● **Try it**: Give back the full listing, character for character, with no pictures.

● **Information provided**:
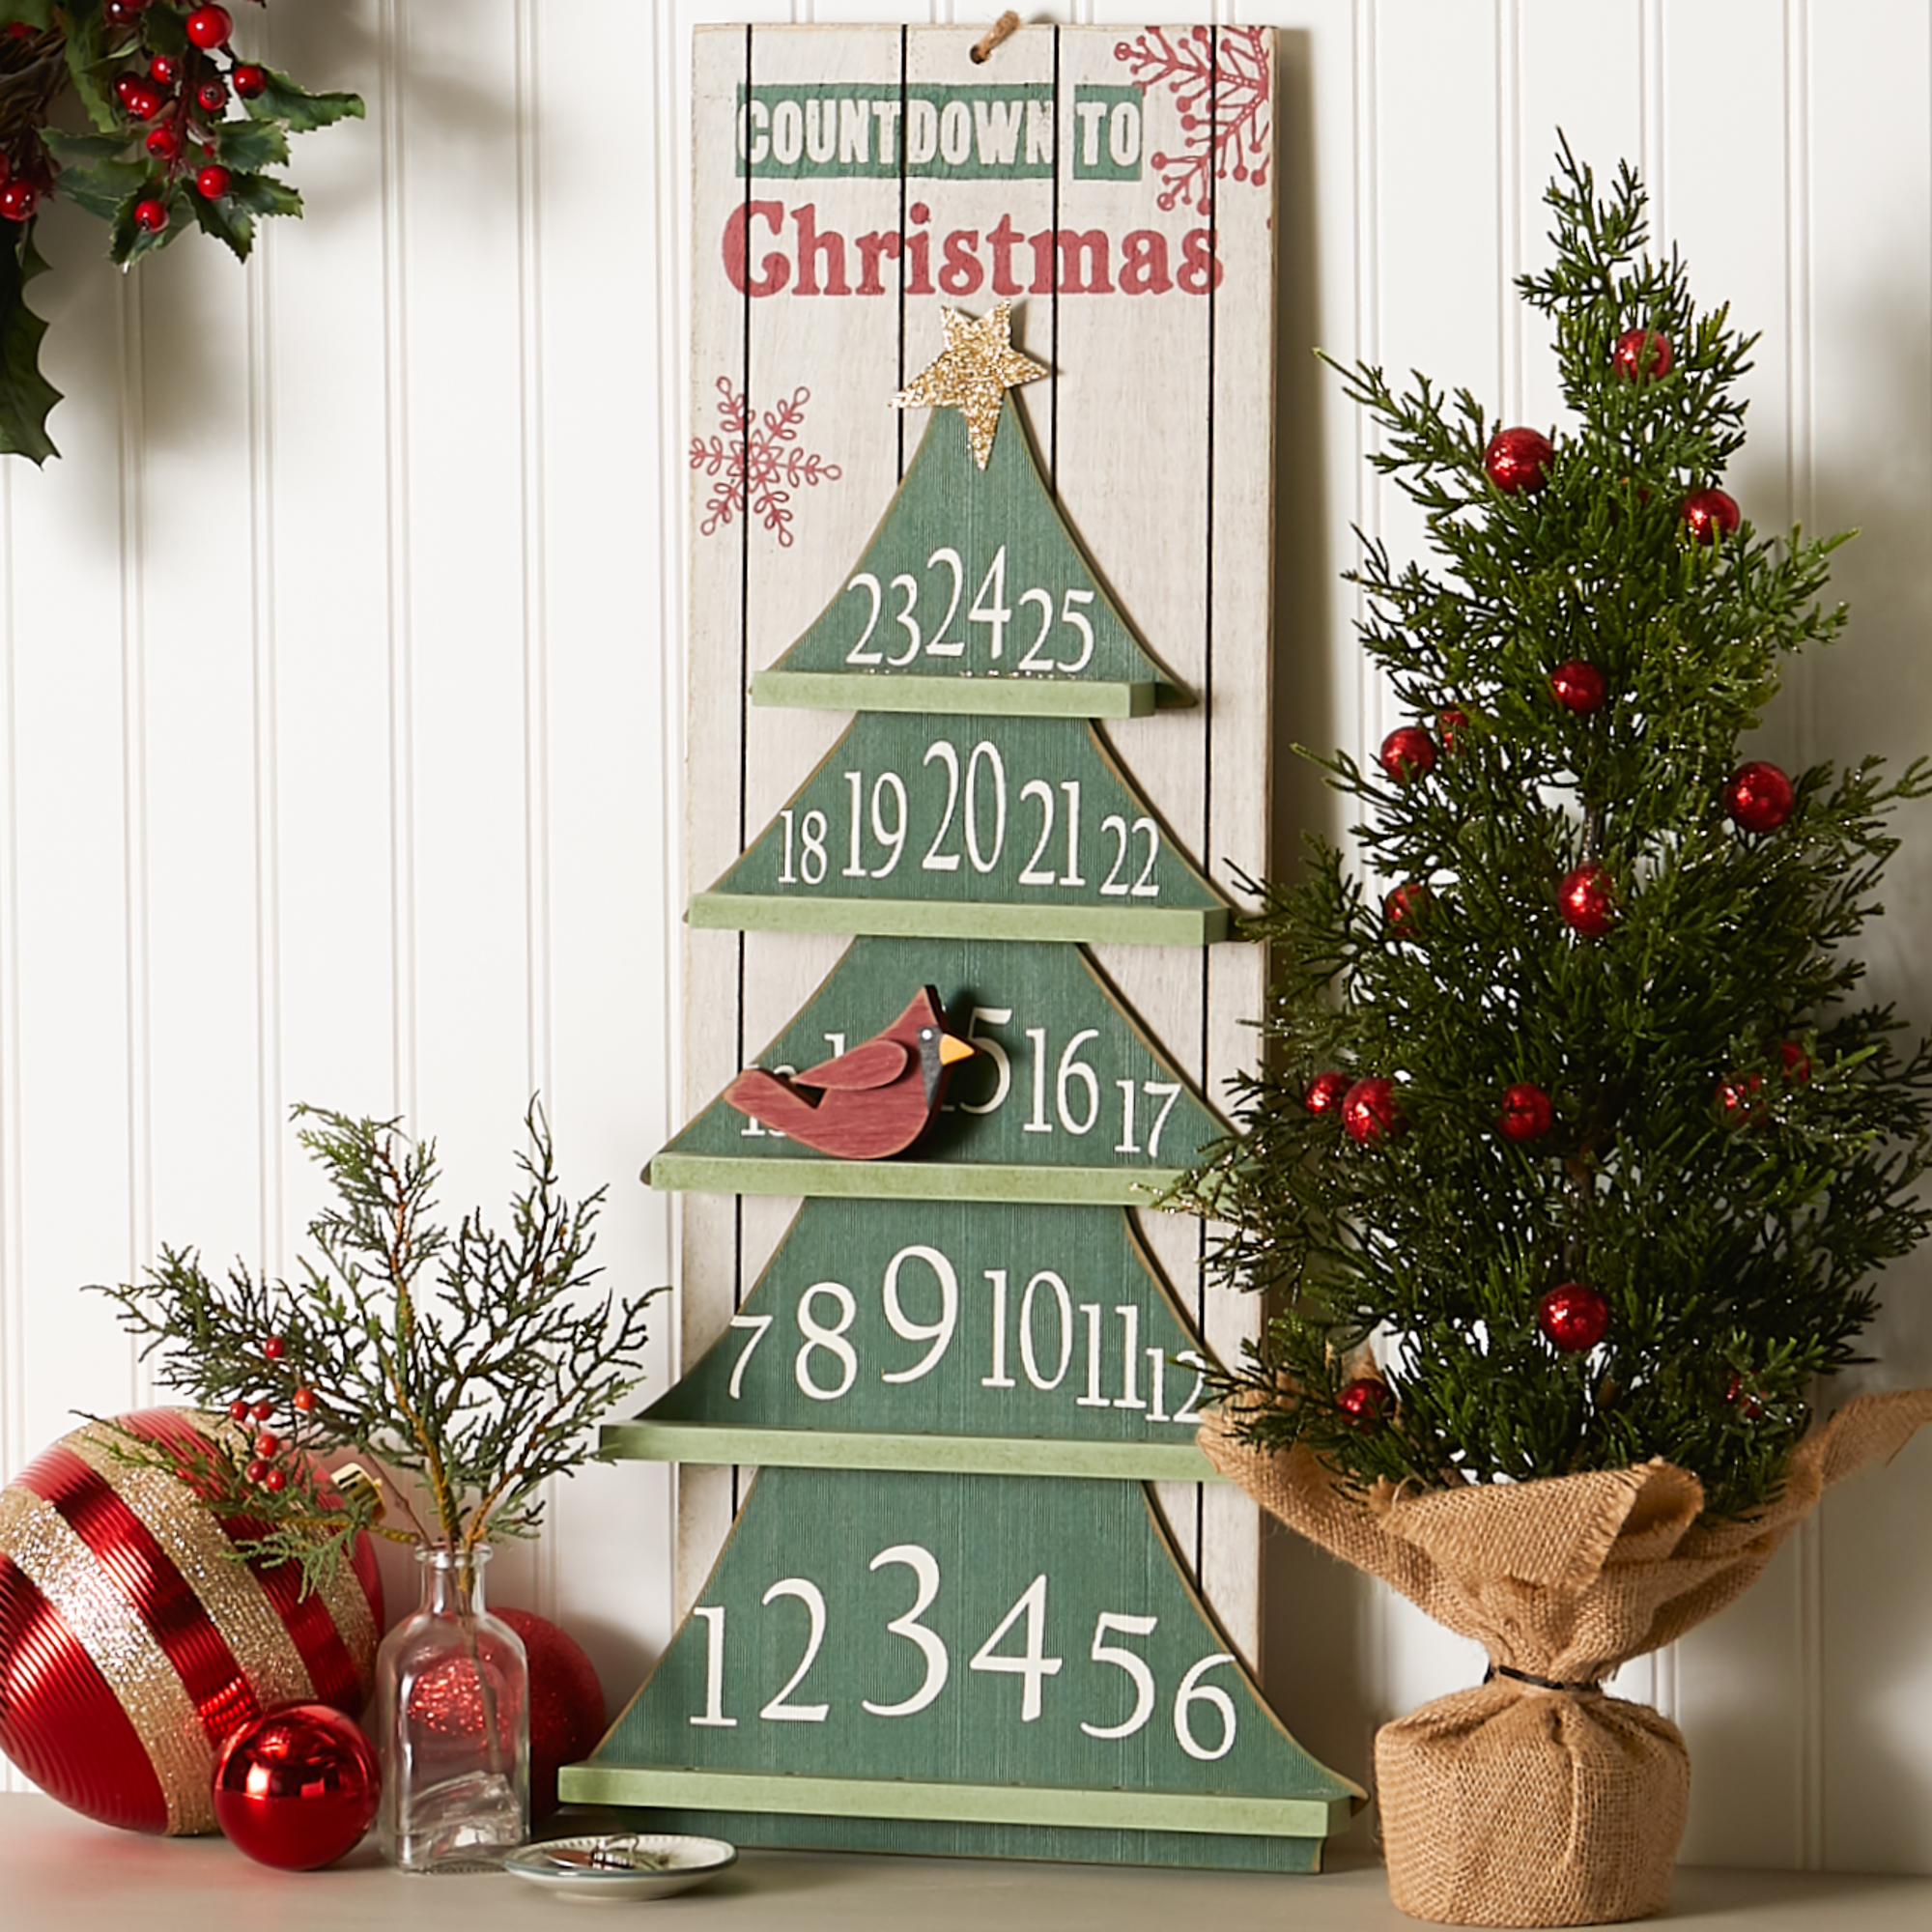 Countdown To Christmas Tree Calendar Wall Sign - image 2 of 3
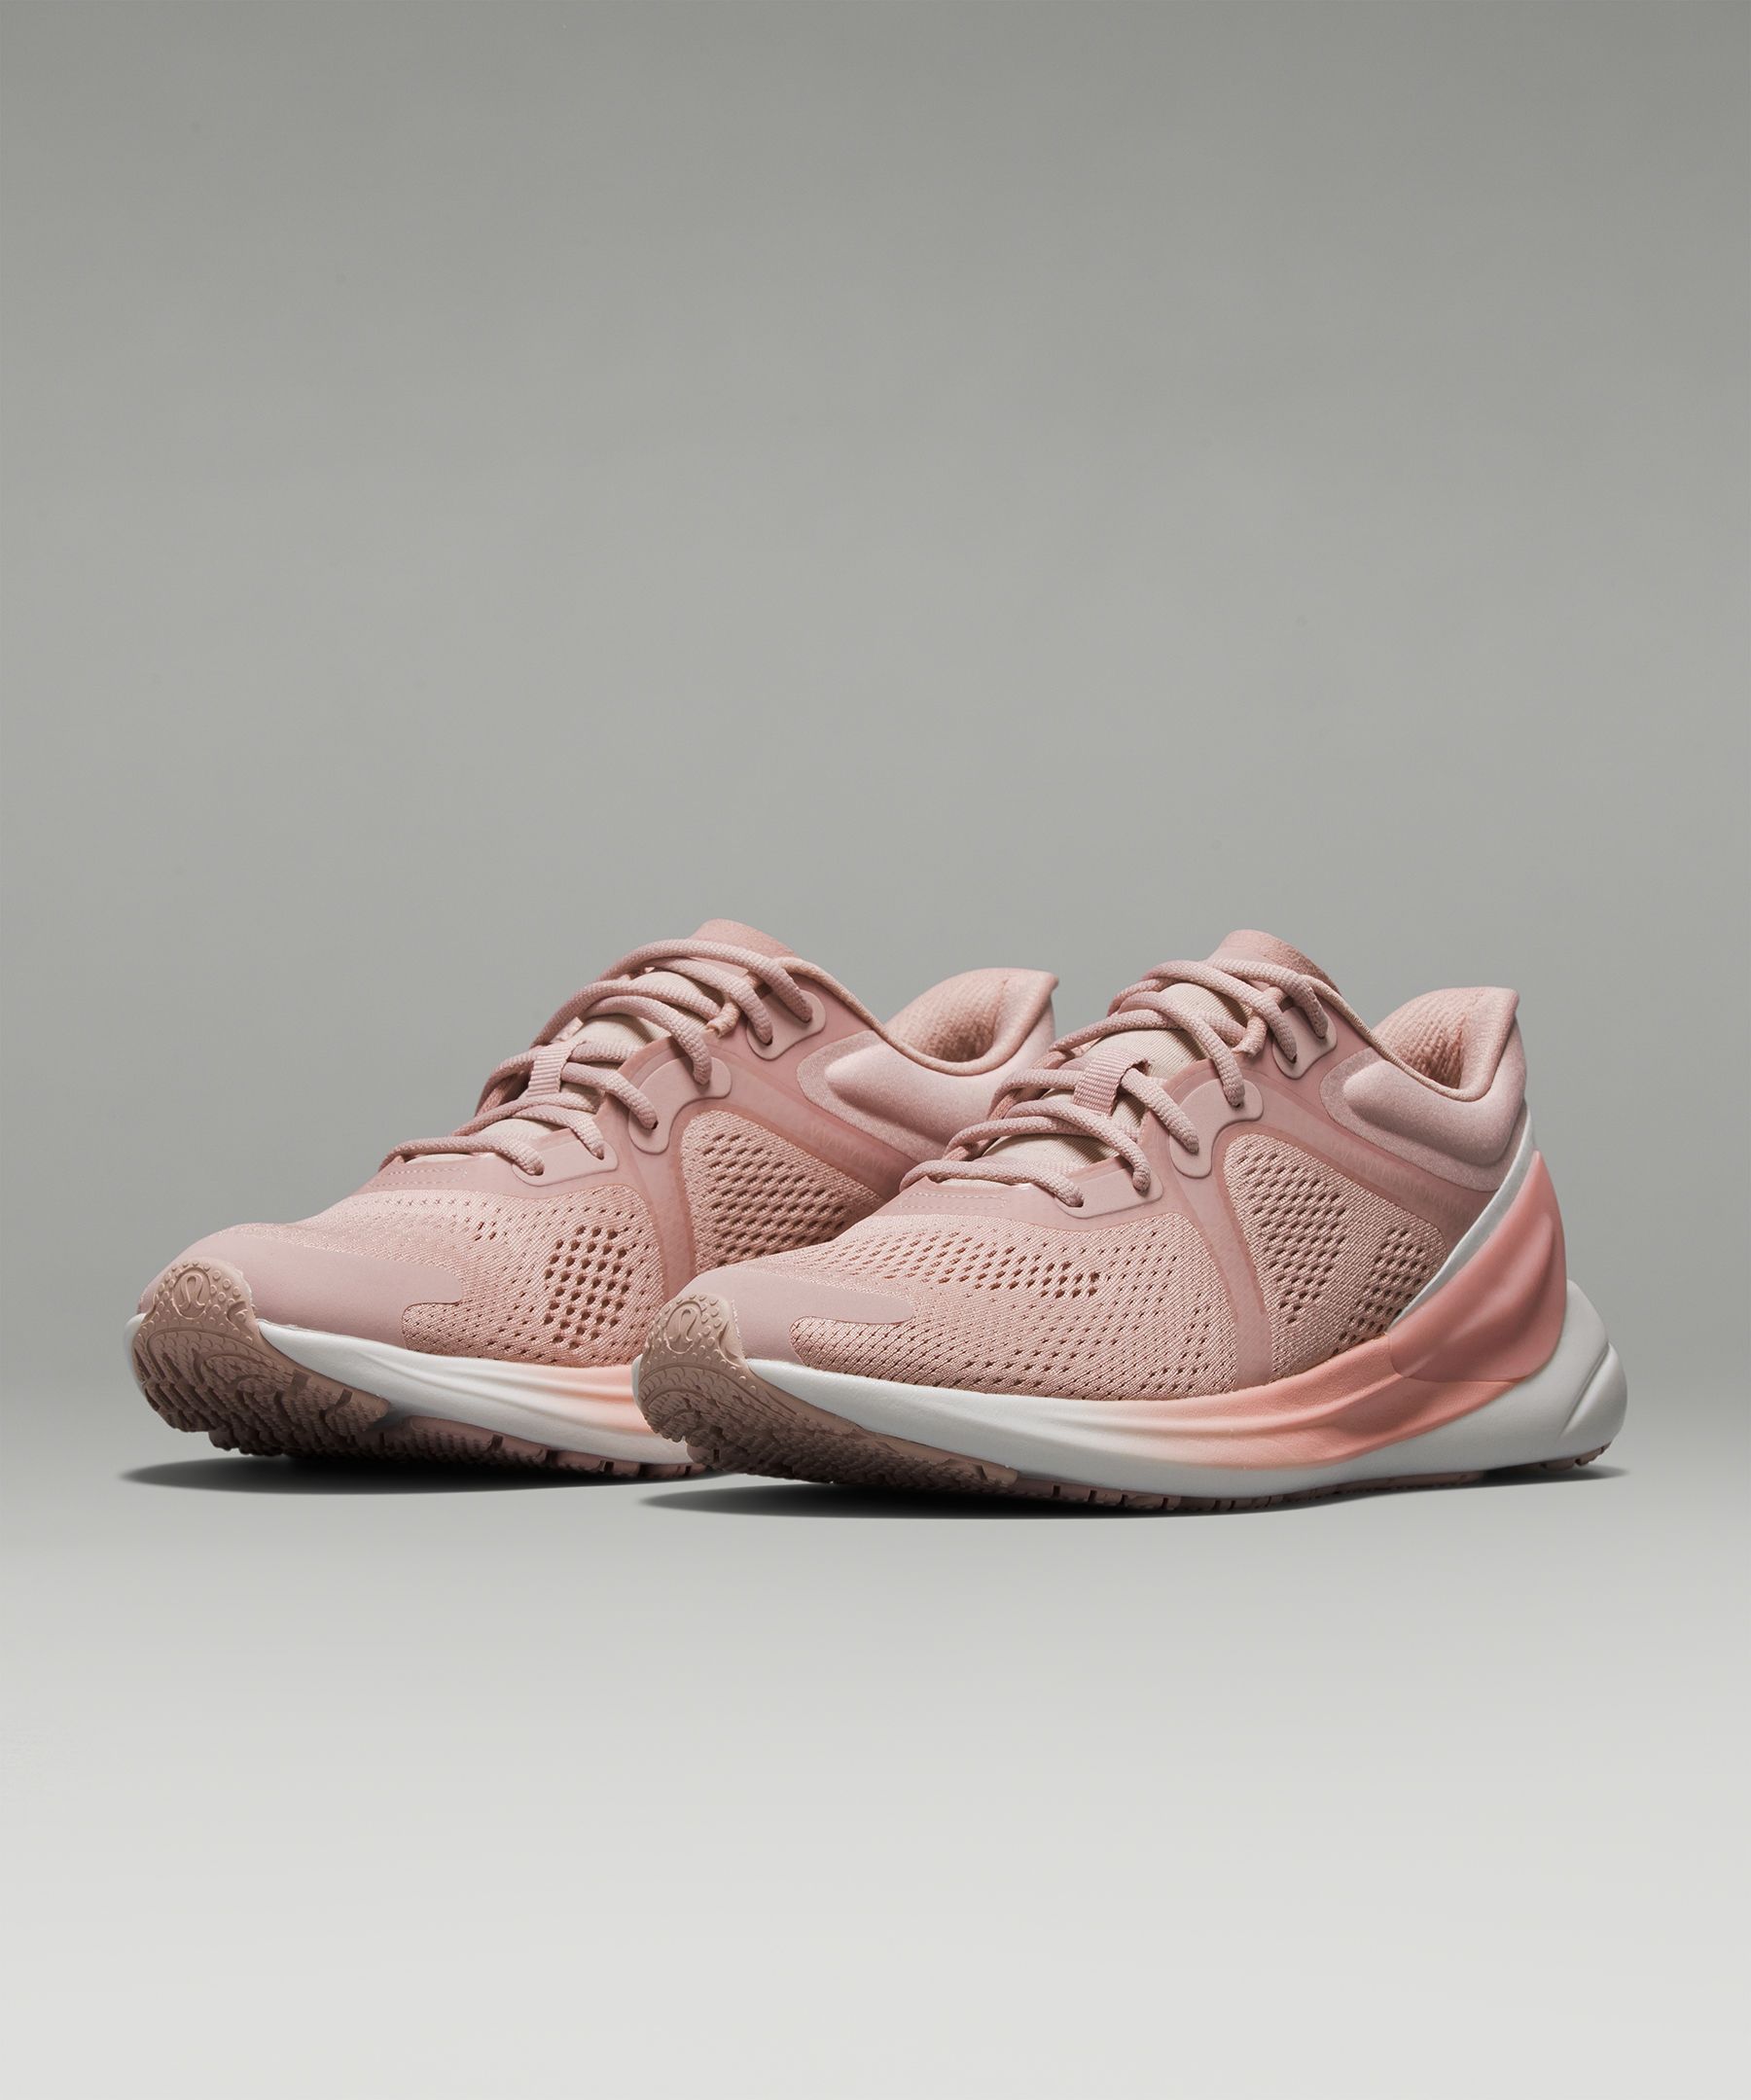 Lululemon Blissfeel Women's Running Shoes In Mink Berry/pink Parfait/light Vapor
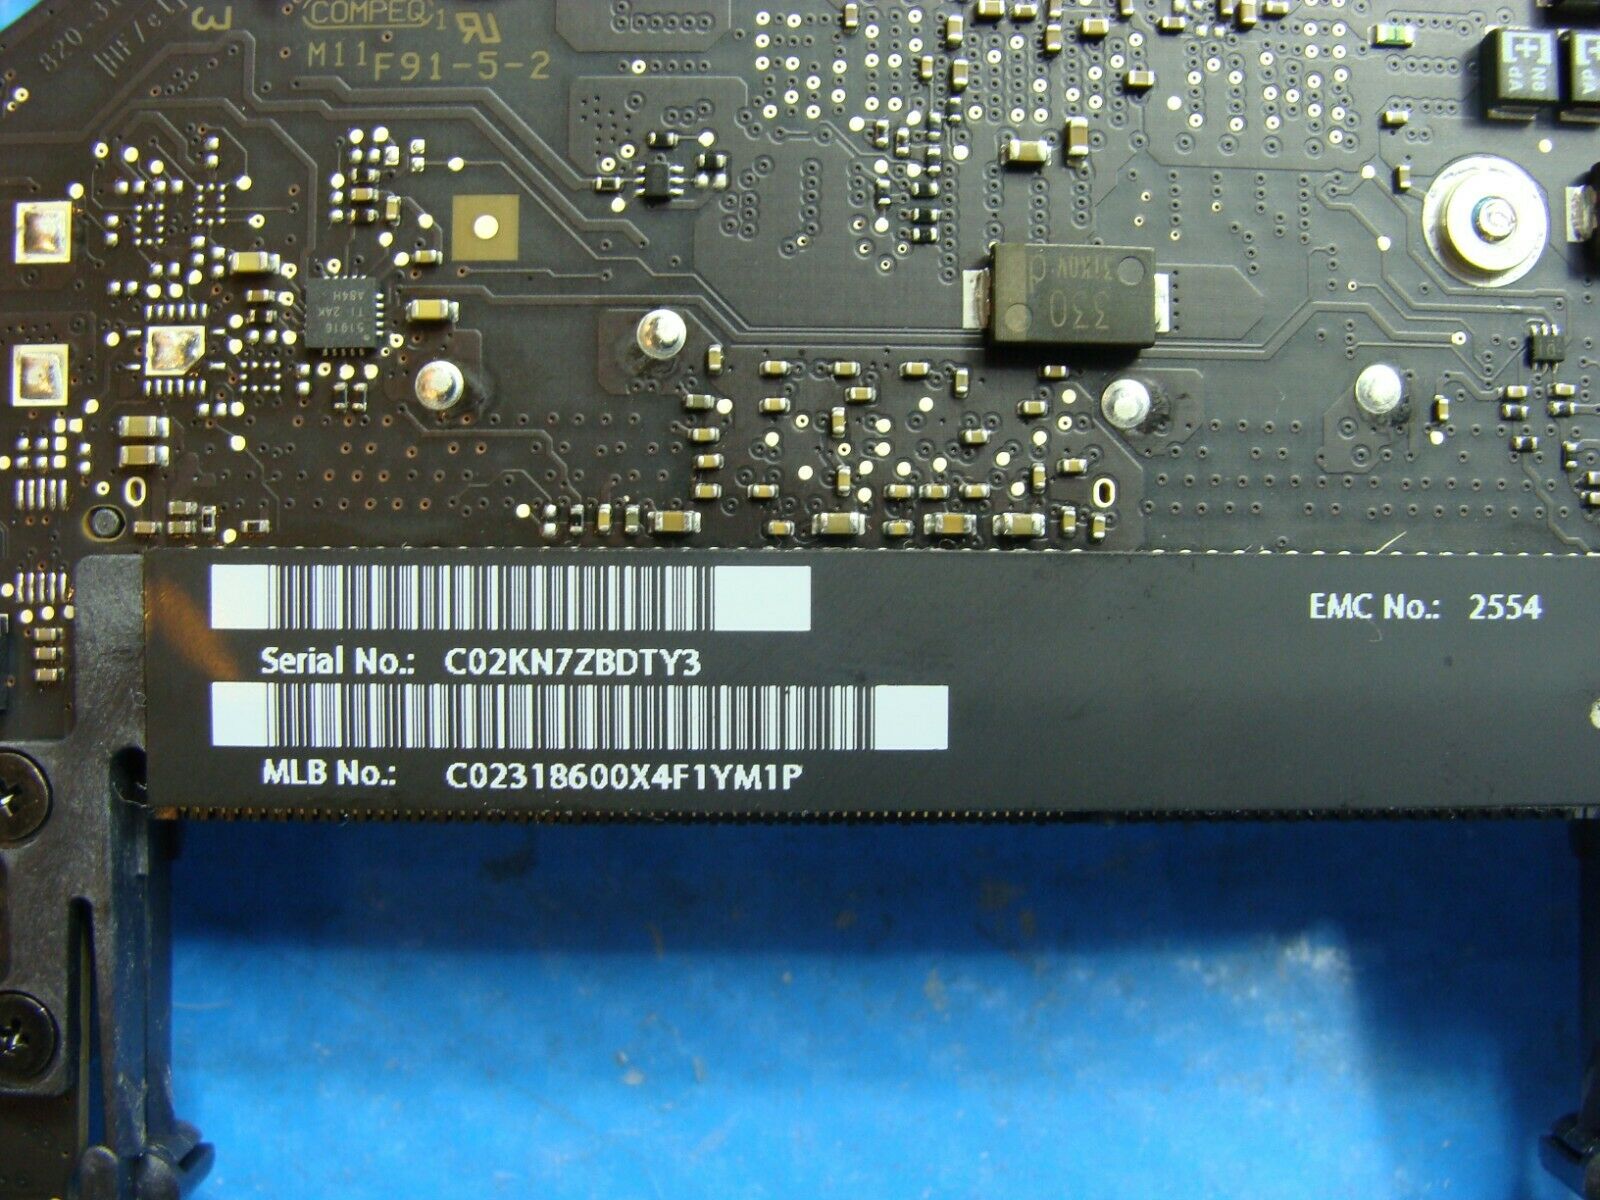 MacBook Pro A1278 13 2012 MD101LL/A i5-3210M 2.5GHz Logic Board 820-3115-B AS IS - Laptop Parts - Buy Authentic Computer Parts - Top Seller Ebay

● **Task response**:
 Countdown To Christmas Tree Calendar Wall Sign - image 2 of 3
 Lululemon Blissfeel Women's Running Shoes In Mink Berry/pink Parfait/light Vapor
 MacBook Pro A1278 13 2012 MD101LL/A i5-3210M 2.5GHz Logic Board 820-3115-B AS IS - Laptop Parts - Buy Authentic Computer Parts - Top Seller Ebay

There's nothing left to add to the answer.